Roy S. Herbst, MD, PhD: Immunotherapy has an important role in all aspects of lung cancer, driver or nondriver disease. Certainly, in the patients with no known driver, immunotherapy offers hope that we haven’t seen in many years. We can use this drug in a certain percentage of frontline therapies that are PD-L1-positive—pretty much everyone is getting it now as a second-line therapy. It’s one of the drugs where we’re seeing activity: 20% or more response rates. Certainly, there are populations that benefit more. They’re the patients who are living disease-free for 5 to 6 years. We need to figure out what it is about those patients, and also what is it about those patients who receive immunotherapy for 6 weeks and are already progressing. That’s part of our research at places like Yale—we have a lung support grant that’s trying to figure that out.
There’s also a big role for immunotherapy in patients with driver mutations, because I’ve treated patients, for example, with EGFR inhibitors since the first clinical trials we did with gefitinib. We called it ZD1839 back then, in 1998, and no one was cured because patients became resistant to these targeted therapies. So, there has got to be a role for these immunotherapies in the patients who become resistant. It has been a bit challenging to incorporate them in, because of combined toxicities of small molecule EGFR inhibitors—especially the newest generation of drugs and these antibodies. But those trials are ongoing, and I think now that we understand how to better manage the toxicities. We will see that in place. There’s a role for immunotherapy across the whole spectrum of advanced non—small cell lung cancer.
PD-L1 expression is used in a number of ways. Certainly, if you’re going to use an agent that targets PD-1 or PD-L1 upfront in an untreated lung cancer patient, one would want to use a selected population that’s PD-L1-positive. That’s quite clear based on the KEYNOTE-024 trial showing that, in the patients that are PD-L1-positive at 50%, there’s a survival advantage: a hazard ratio 0.5; a PFS benefit 0.5; and a hazard ratio 0.6 for using pembrolizumab. Interestingly, with nivolumab using a cutoff much lower, that wasn’t seen. So, I think PD-L1 clearly has a role in choosing frontline treatment.

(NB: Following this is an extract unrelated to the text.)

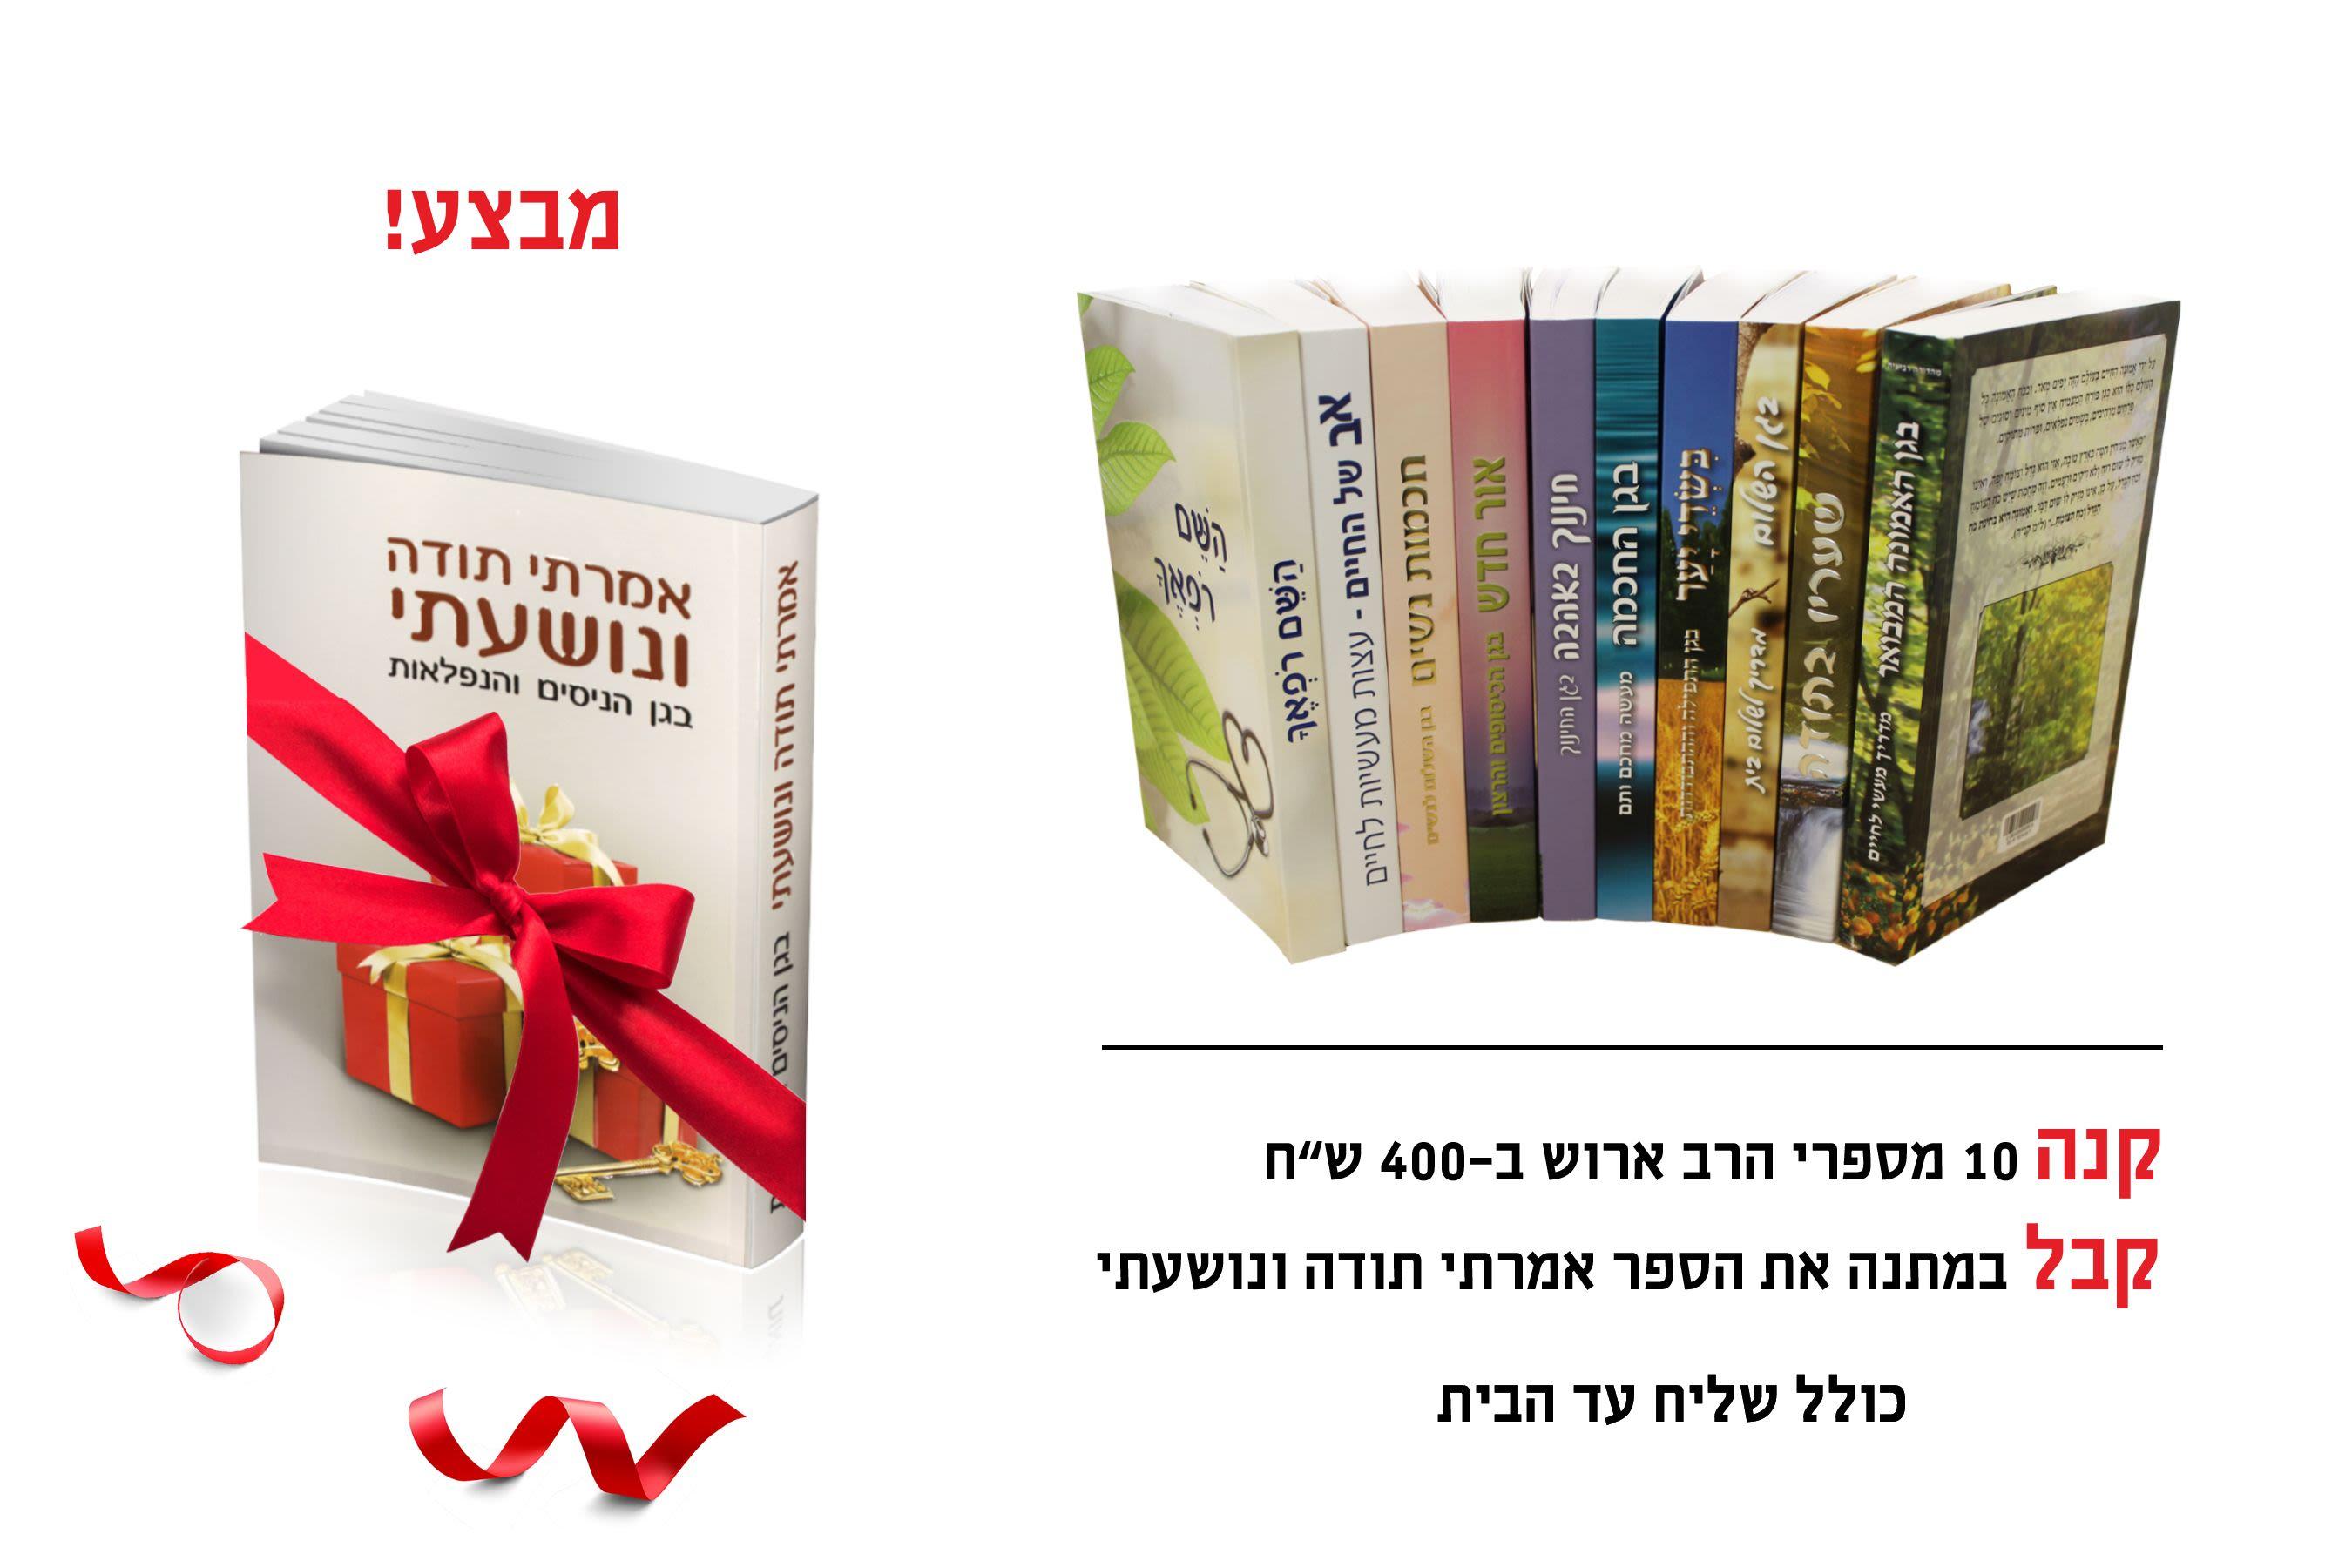 סט 10 ספרי הרב שלום ארוש + ספר נוסף מתנה כולל משלוח עד הבית!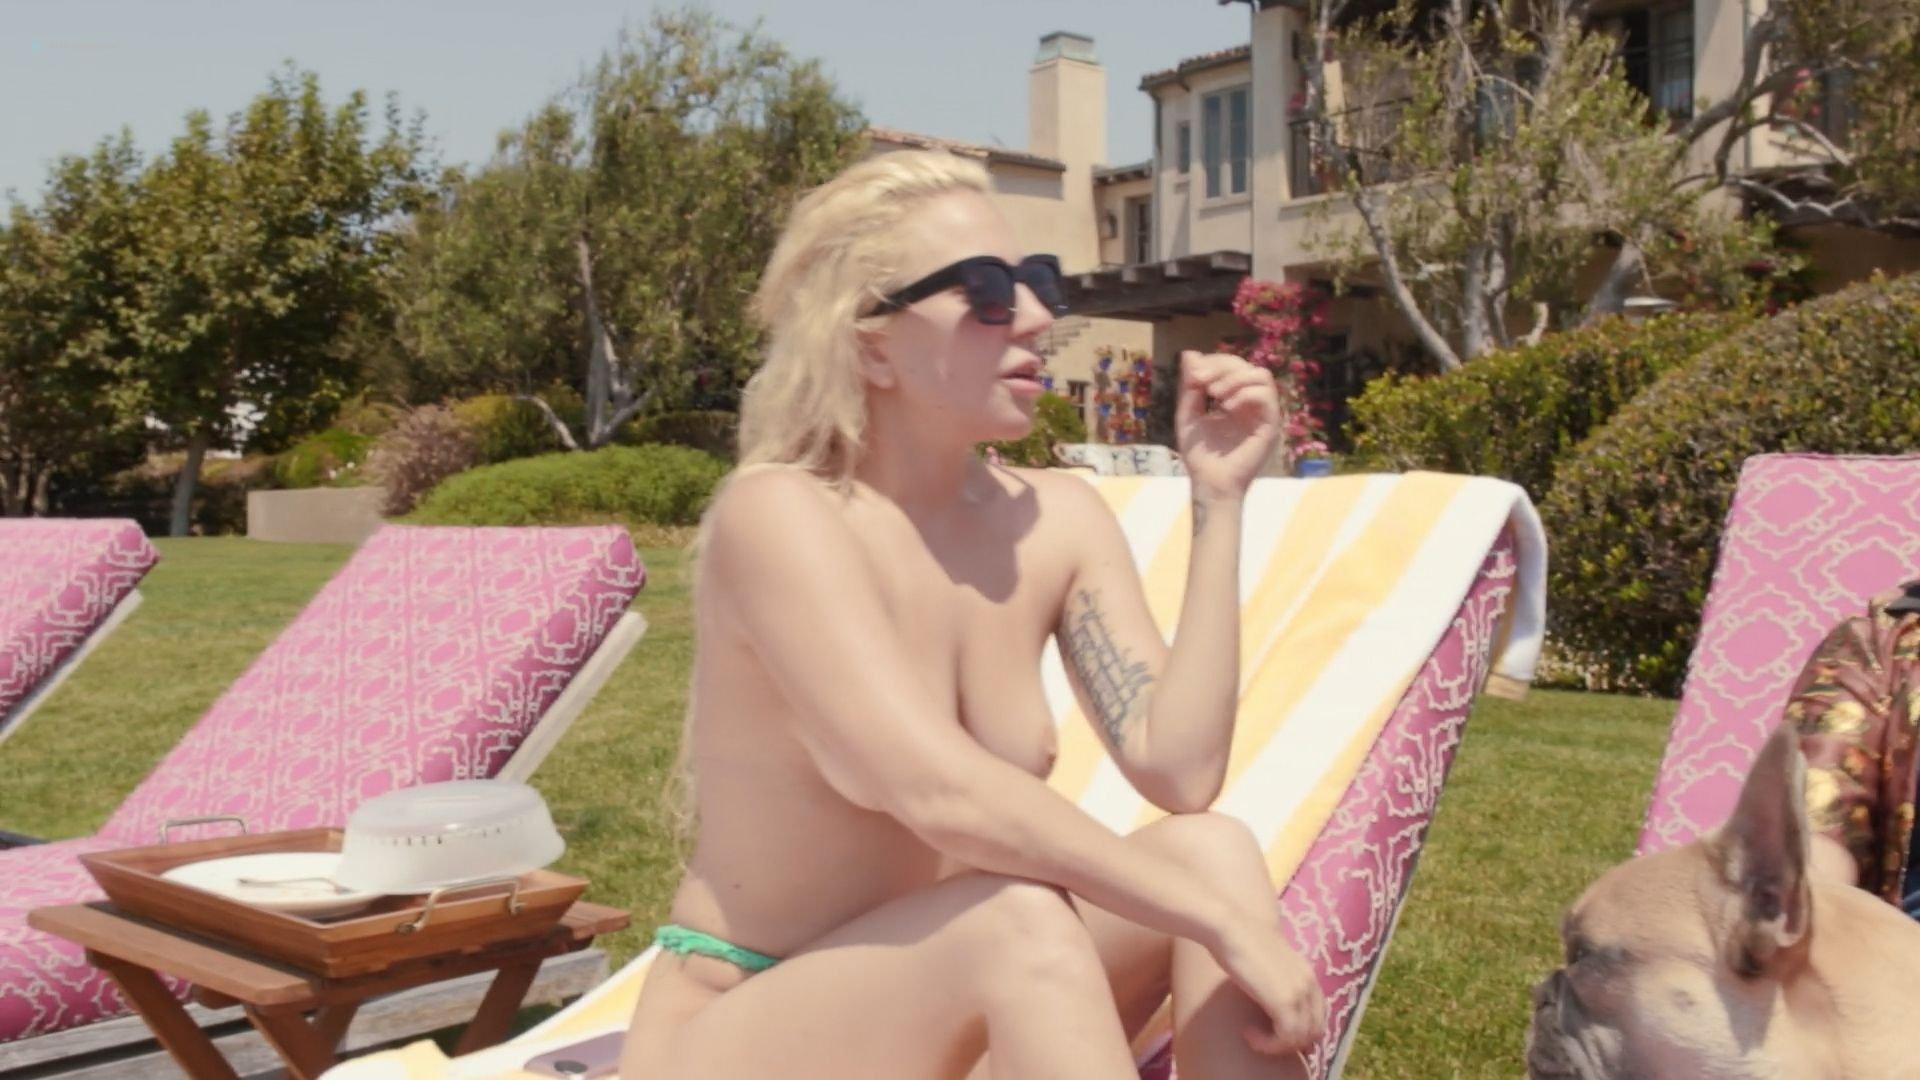 Wwe women nude boobs

As far as using the drug in the second-line setting, given that PD-L1 is a dynamic marker and there’s some heterogeneity, it’s a little less clear. Certainly, in the KEYNOTE-010 trial on which I was the PI, we actually did see that, between the 1% and the 50% cutoffs, there was a clear improvement in the benefit of the pembrolizumab versus docetaxel.
You can use PD-L1 to tell you who’s more likely to benefit, but from the trials with nivolumab and atezolizumab—either one looked at the biomarker, with nivolumab, they looked at it more informally—there did appear to be benefit in the patients who were PD-L1-negative. I think that there are clearly patients who would benefit who are PD-L1-negative, either because it’s a false negative or because there are other mechanisms at play that we don’t understand yet, whether it be mutational load, neoantigen load, gene signatures—meaning what’s going on in the immune microenvironment— how many T cells there are, or what the character of T cells is. So, it’s still a bit of a moving target, but my feeling is that one can use these drugs in all settings.